Literature DB >> 20601214

Congenital central hypoventilation syndrome and the PHOX2B gene: a model of respiratory and autonomic dysregulation.

Pallavi P Patwari1, Michael S Carroll, Casey M Rand, Rajesh Kumar, Ronald Harper, Debra E Weese-Mayer.   

Abstract

The paired-like homeobox 2B gene (PHOX2B) is the disease-defining gene for congenital central hypoventilation syndrome (CCHS). Individuals with CCHS typically present in the newborn period with alveolar hypoventilation during sleep and often during wakefulness, altered respiratory control including reduced or absent ventilatory responses to hypercarbia and hypoxemia, and autonomic nervous system (ANS) dysregulation; however, a subset of individuals present well into adulthood.

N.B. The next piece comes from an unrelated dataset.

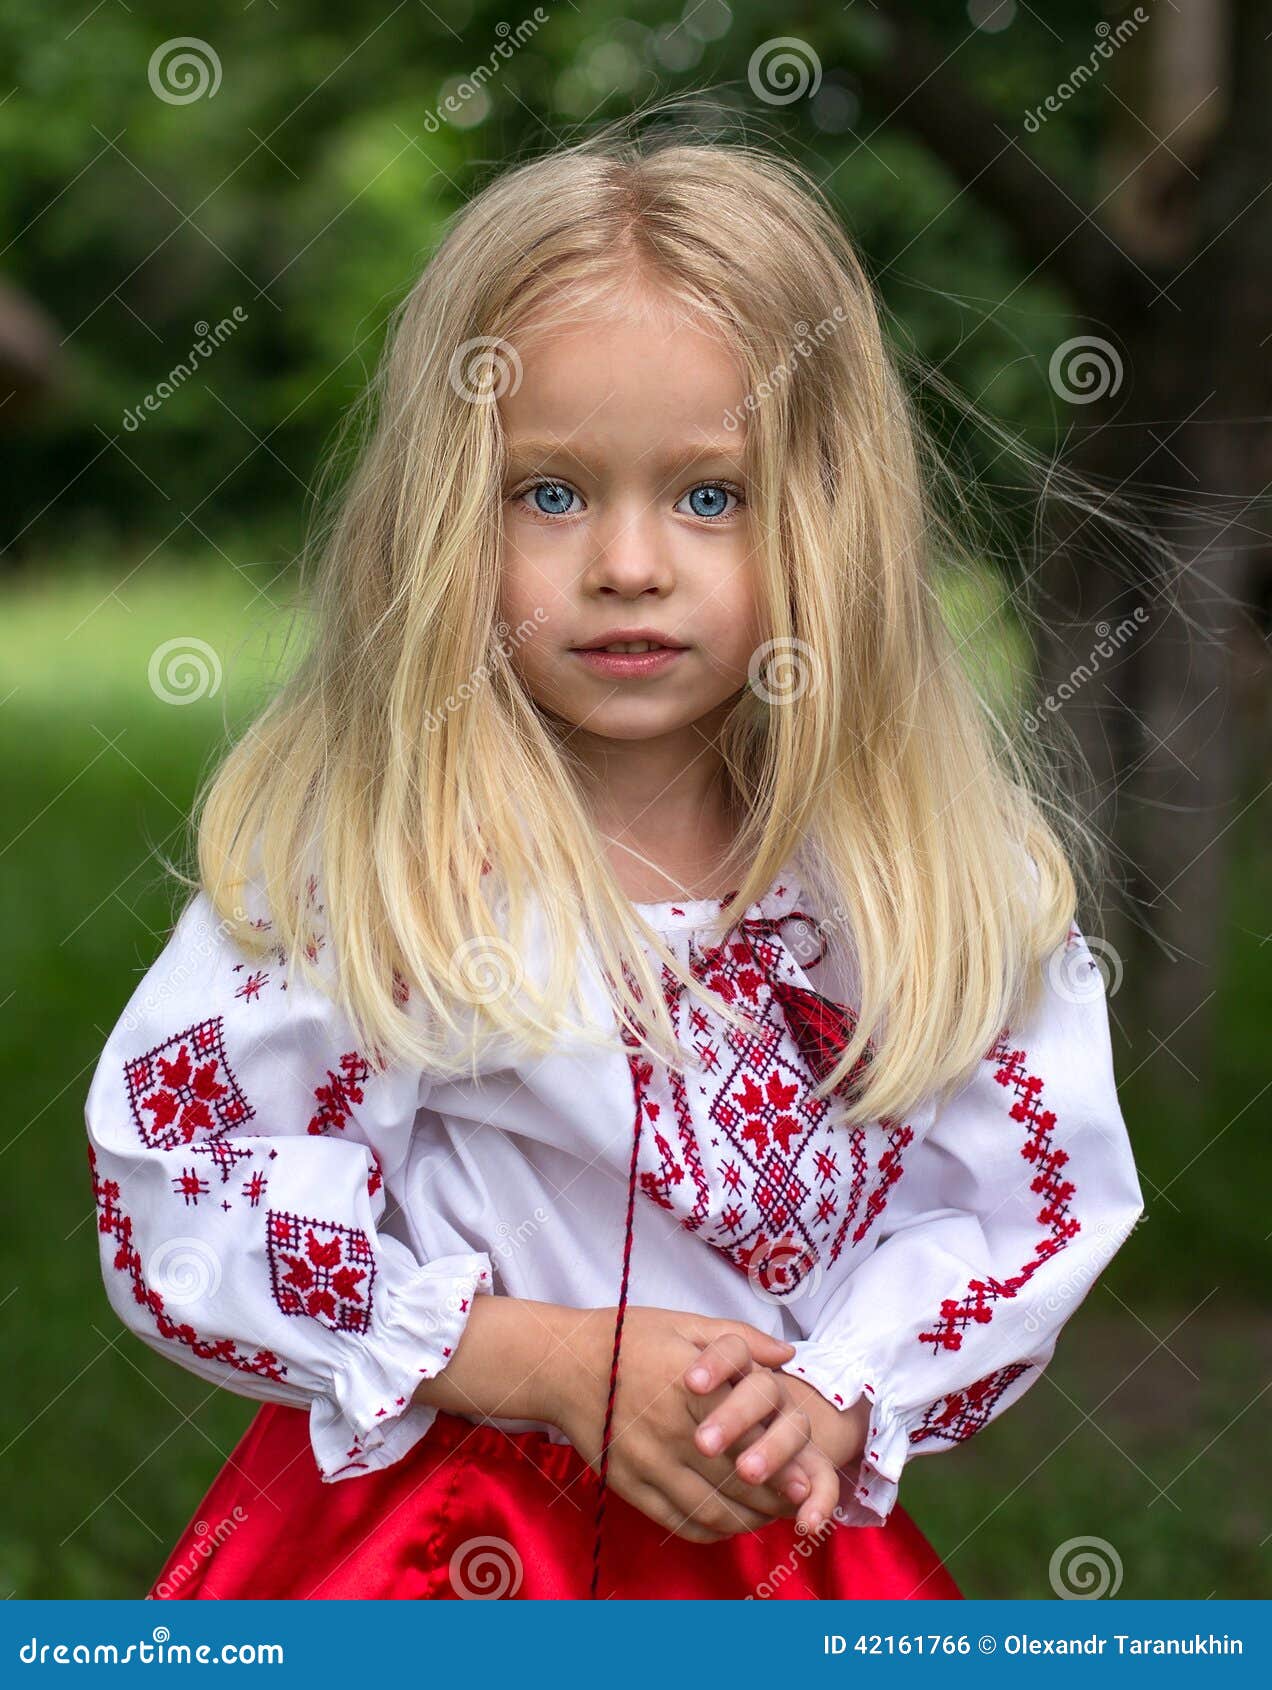 Girl young pics ukraine Purenudism photo

Thermoregulation is altered and perception of shortness of breath is absent, but voluntary breathing is retained. Structural and functional magnetic resonance imaging (MRI) and limited post-mortem studies in subjects with CCHS reveal abnormalities in both forebrain and brainstem. MRI changes appear in the hypothalamus (responsible for thermal drive to breathing), posterior thalamus and midbrain (mediating O(2) and oscillatory motor patterns), caudal raphé and locus coeruleus (regulating serotonergic and noradrenergic systems), the lateral medulla, parabrachial pons, and cerebellum (coordinating chemoreceptor and somatic afferent activity with breathing), and insular and cingulate cortices (mediating shortness of breath perception). Structural and functional alterations in these sites may result from PHOX2B mutations or be secondary to hypoxia/perfusion alterations from suboptimal management/compliance. The study of CCHS, with collaboration between physician-scientists and basic scientists, offers a rare opportunity to investigate control of breathing within the complex physiological network of the ANS.
Copyright © 2010 Elsevier B.V. All rights reserved.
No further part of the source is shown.